Data extracted from a collection:
== Segment start ==

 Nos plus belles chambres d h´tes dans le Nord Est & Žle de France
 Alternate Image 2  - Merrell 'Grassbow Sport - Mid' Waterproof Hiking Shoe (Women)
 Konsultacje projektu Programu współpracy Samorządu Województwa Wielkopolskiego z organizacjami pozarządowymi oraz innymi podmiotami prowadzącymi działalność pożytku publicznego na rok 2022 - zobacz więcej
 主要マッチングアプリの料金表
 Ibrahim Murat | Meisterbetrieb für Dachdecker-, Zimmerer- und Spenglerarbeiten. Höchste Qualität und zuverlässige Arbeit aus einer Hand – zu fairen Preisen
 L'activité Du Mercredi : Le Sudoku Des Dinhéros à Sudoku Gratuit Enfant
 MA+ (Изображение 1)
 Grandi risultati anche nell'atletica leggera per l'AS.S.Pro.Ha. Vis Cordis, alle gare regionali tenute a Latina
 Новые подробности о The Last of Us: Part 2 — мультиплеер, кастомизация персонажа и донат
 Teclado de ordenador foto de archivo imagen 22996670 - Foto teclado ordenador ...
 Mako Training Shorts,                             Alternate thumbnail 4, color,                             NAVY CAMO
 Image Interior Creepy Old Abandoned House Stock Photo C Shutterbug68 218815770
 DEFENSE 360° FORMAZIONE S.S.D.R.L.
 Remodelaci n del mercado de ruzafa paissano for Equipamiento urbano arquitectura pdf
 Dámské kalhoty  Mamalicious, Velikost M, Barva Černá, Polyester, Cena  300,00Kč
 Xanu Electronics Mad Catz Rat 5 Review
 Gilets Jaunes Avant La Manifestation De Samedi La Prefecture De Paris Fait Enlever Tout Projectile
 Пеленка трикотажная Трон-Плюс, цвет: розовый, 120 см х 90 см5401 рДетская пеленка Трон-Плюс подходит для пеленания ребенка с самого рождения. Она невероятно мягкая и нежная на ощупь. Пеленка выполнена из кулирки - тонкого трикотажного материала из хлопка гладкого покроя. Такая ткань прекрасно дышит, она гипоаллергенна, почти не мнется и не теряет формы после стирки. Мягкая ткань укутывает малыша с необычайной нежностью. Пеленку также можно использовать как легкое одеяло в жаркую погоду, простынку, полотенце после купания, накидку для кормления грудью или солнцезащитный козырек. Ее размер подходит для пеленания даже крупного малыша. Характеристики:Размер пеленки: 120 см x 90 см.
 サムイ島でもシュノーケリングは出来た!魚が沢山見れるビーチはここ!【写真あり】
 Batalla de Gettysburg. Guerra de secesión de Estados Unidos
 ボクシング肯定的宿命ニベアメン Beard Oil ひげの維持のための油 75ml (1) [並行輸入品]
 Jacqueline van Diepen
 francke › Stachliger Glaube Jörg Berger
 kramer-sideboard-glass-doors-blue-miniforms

== Segment end ==

*ASSIGNMENT*
Given the records above, return exactly the lines starting at the line containing "Пеленка трикотажная Трон-Плюс, цвет: розовый, 120" and ending at the line containing "Batalla de Gettysburg.", including both.

*RESPONSE AREA*
 Пеленка трикотажная Трон-Плюс, цвет: розовый, 120 см х 90 см5401 рДетская пеленка Трон-Плюс подходит для пеленания ребенка с самого рождения. Она невероятно мягкая и нежная на ощупь. Пеленка выполнена из кулирки - тонкого трикотажного материала из хлопка гладкого покроя. Такая ткань прекрасно дышит, она гипоаллергенна, почти не мнется и не теряет формы после стирки. Мягкая ткань укутывает малыша с необычайной нежностью. Пеленку также можно использовать как легкое одеяло в жаркую погоду, простынку, полотенце после купания, накидку для кормления грудью или солнцезащитный козырек. Ее размер подходит для пеленания даже крупного малыша. Характеристики:Размер пеленки: 120 см x 90 см.
 サムイ島でもシュノーケリングは出来た!魚が沢山見れるビーチはここ!【写真あり】
 Batalla de Gettysburg. Guerra de secesión de Estados Unidos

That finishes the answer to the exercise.